**WORK REQUIRED**.
Wherever a picture appears, skip it and retype the rest of the data exactly.

**GIVEN DATA**.
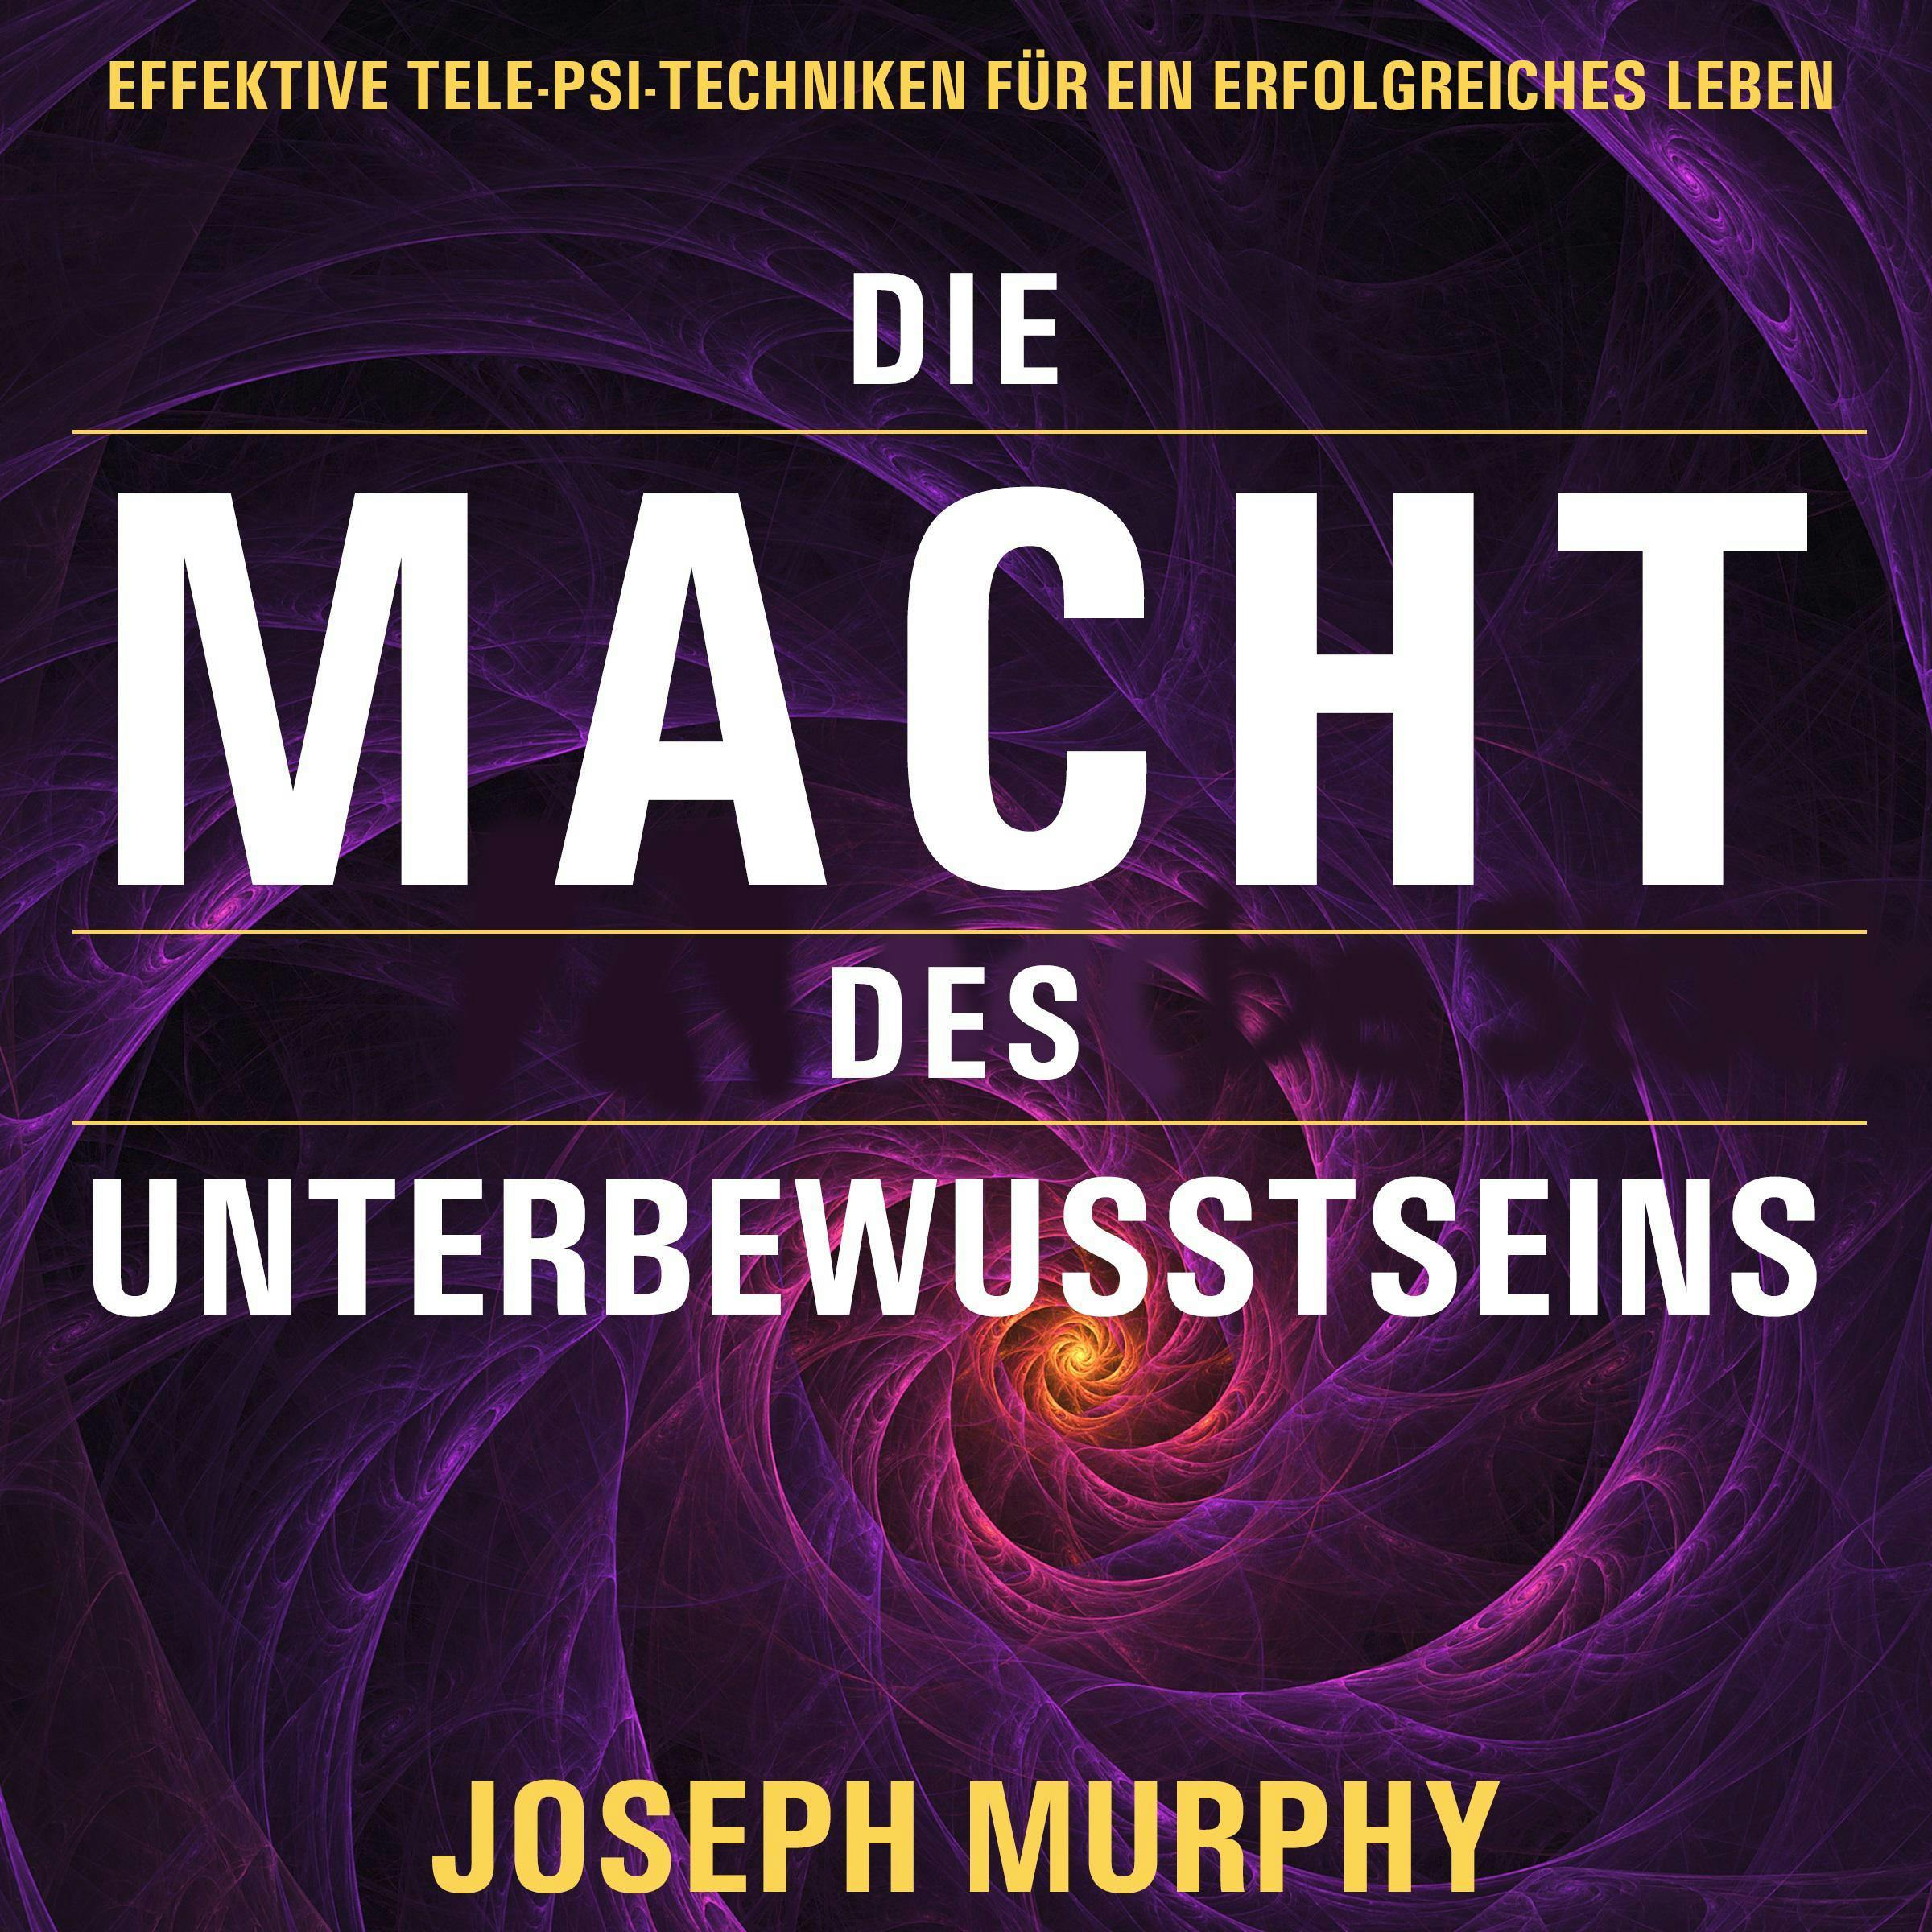 Die Macht des Unterbewusstseins: Effektive Tele-Psi-Techniken für ein erfolgreiches Leben - Joseph Murphy
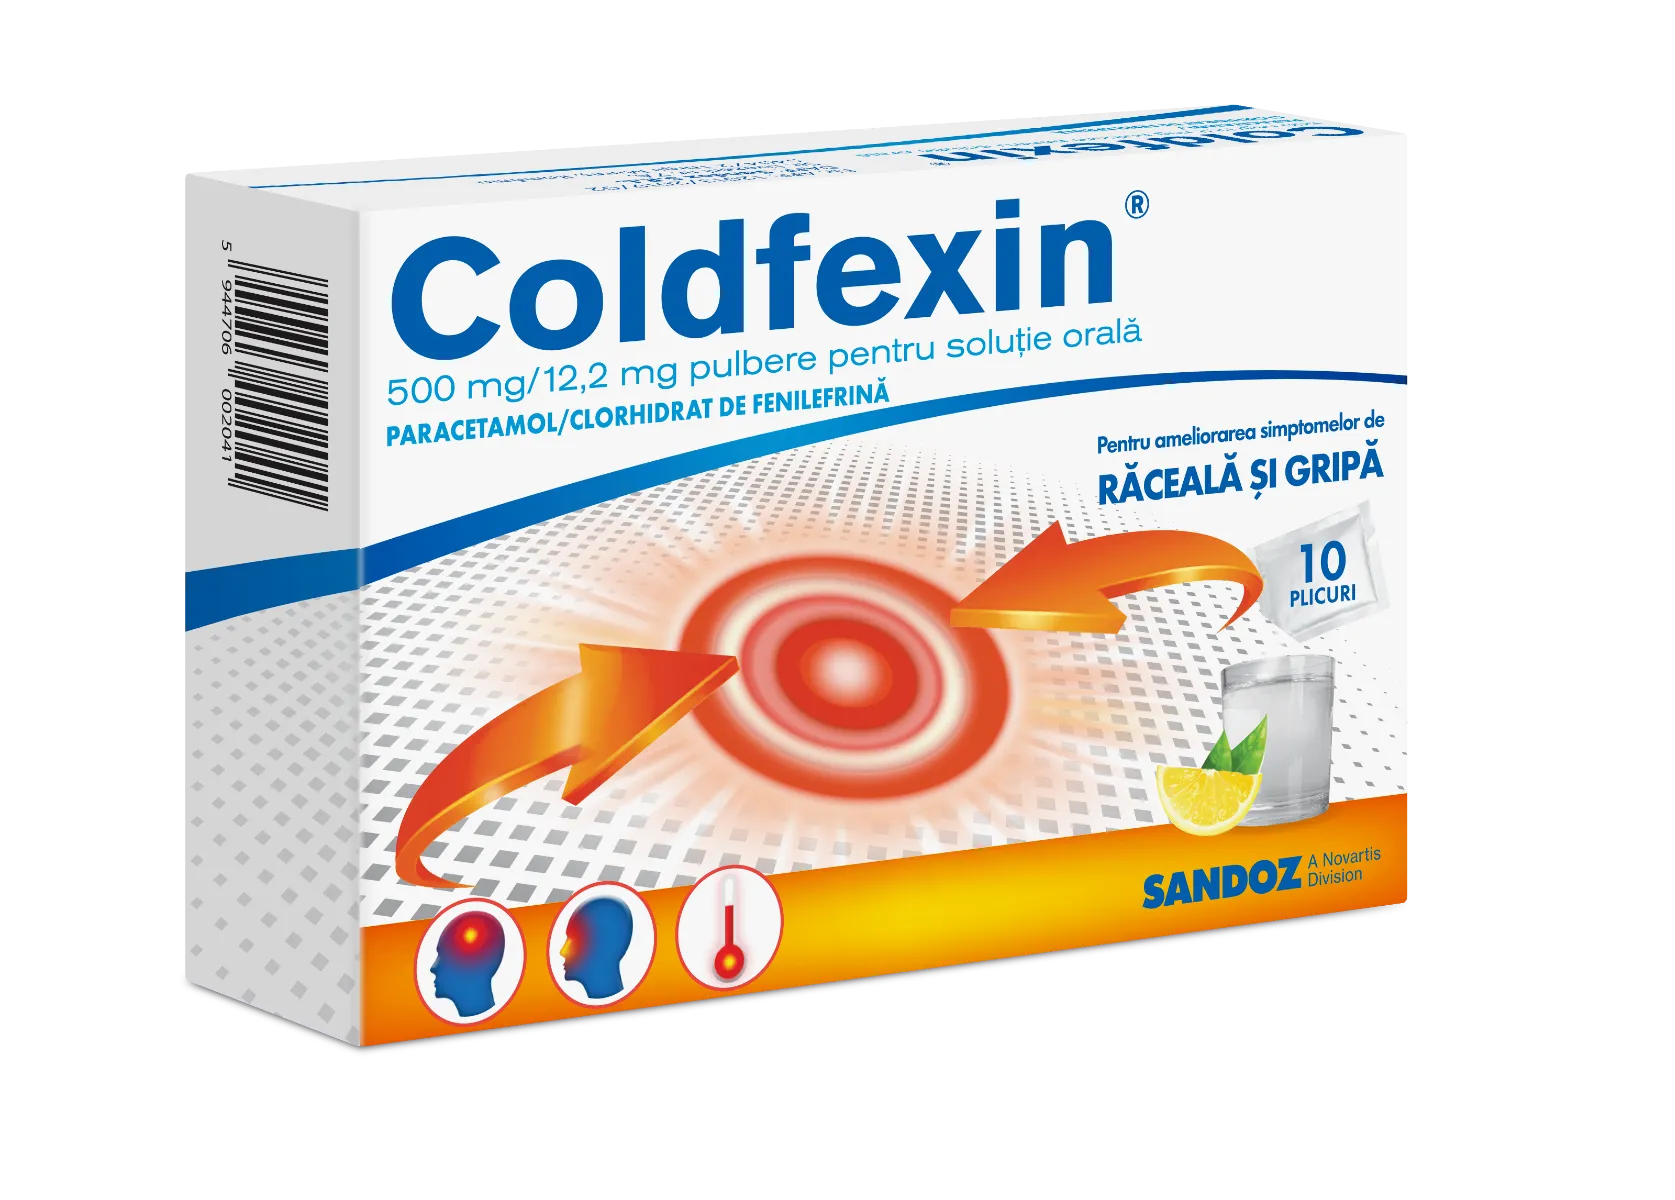 Coldfexin 500 mg/12.2 mg pulbere pentru solutie orala, 10 plicuri, Sandoz
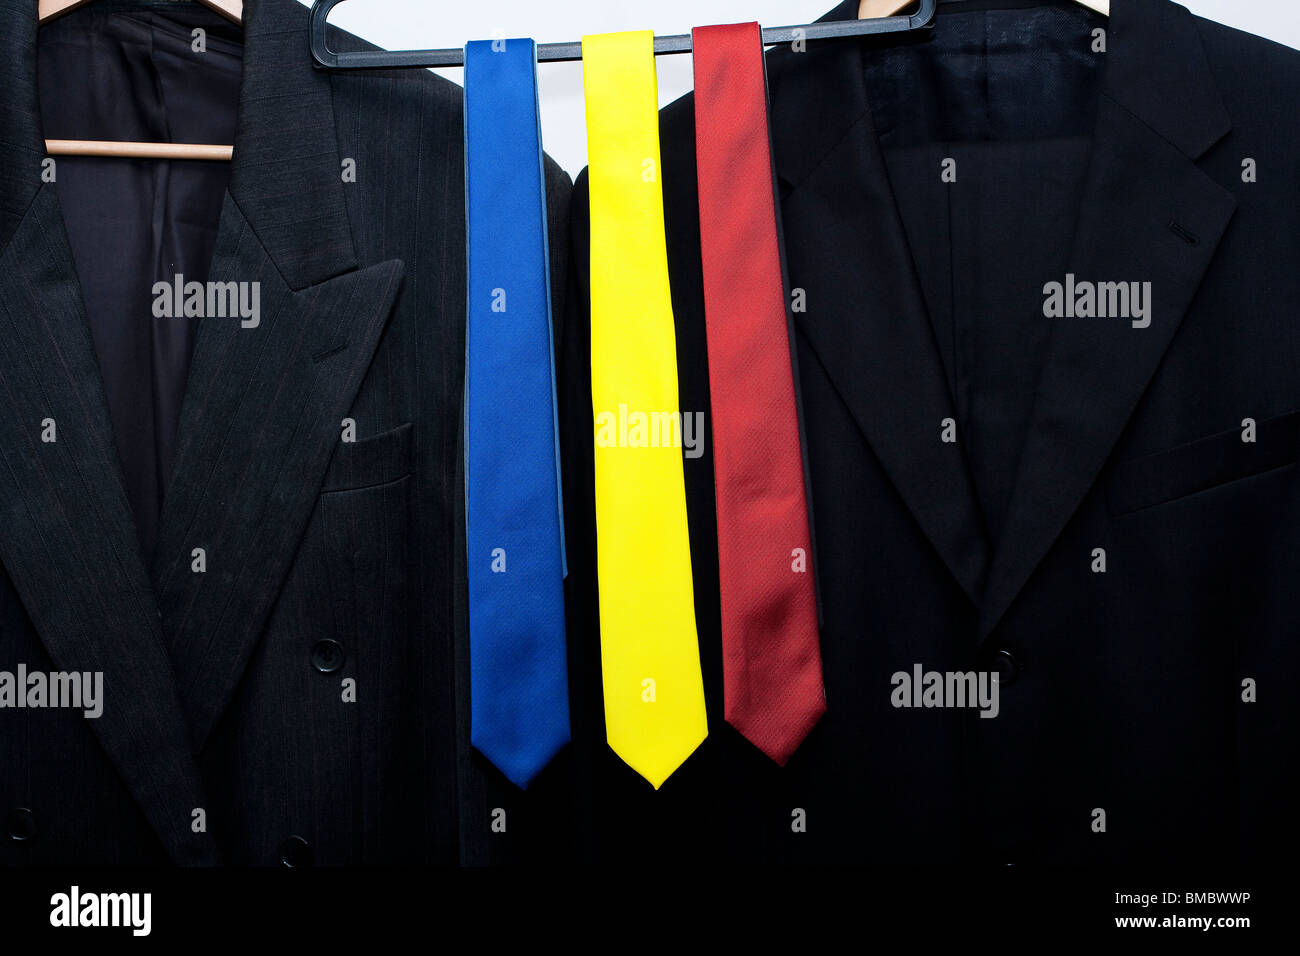 Rouge, bleu et jaune les liens sur rail dans un magasin. suivant les vestons. métaphore pour l'élection générale britannique en 2010 Banque D'Images

**RESPONSE TO THIS TASK**.
 Die Macht des Unterbewusstseins: Effektive Tele-Psi-Techniken für ein erfolgreiches Leben - Joseph Murphy
 Coldfexin 500 mg/12.2 mg pulbere pentru solutie orala, 10 plicuri, Sandoz
 Rouge, bleu et jaune les liens sur rail dans un magasin. suivant les vestons. métaphore pour l'élection générale britannique en 2010 Banque D'Images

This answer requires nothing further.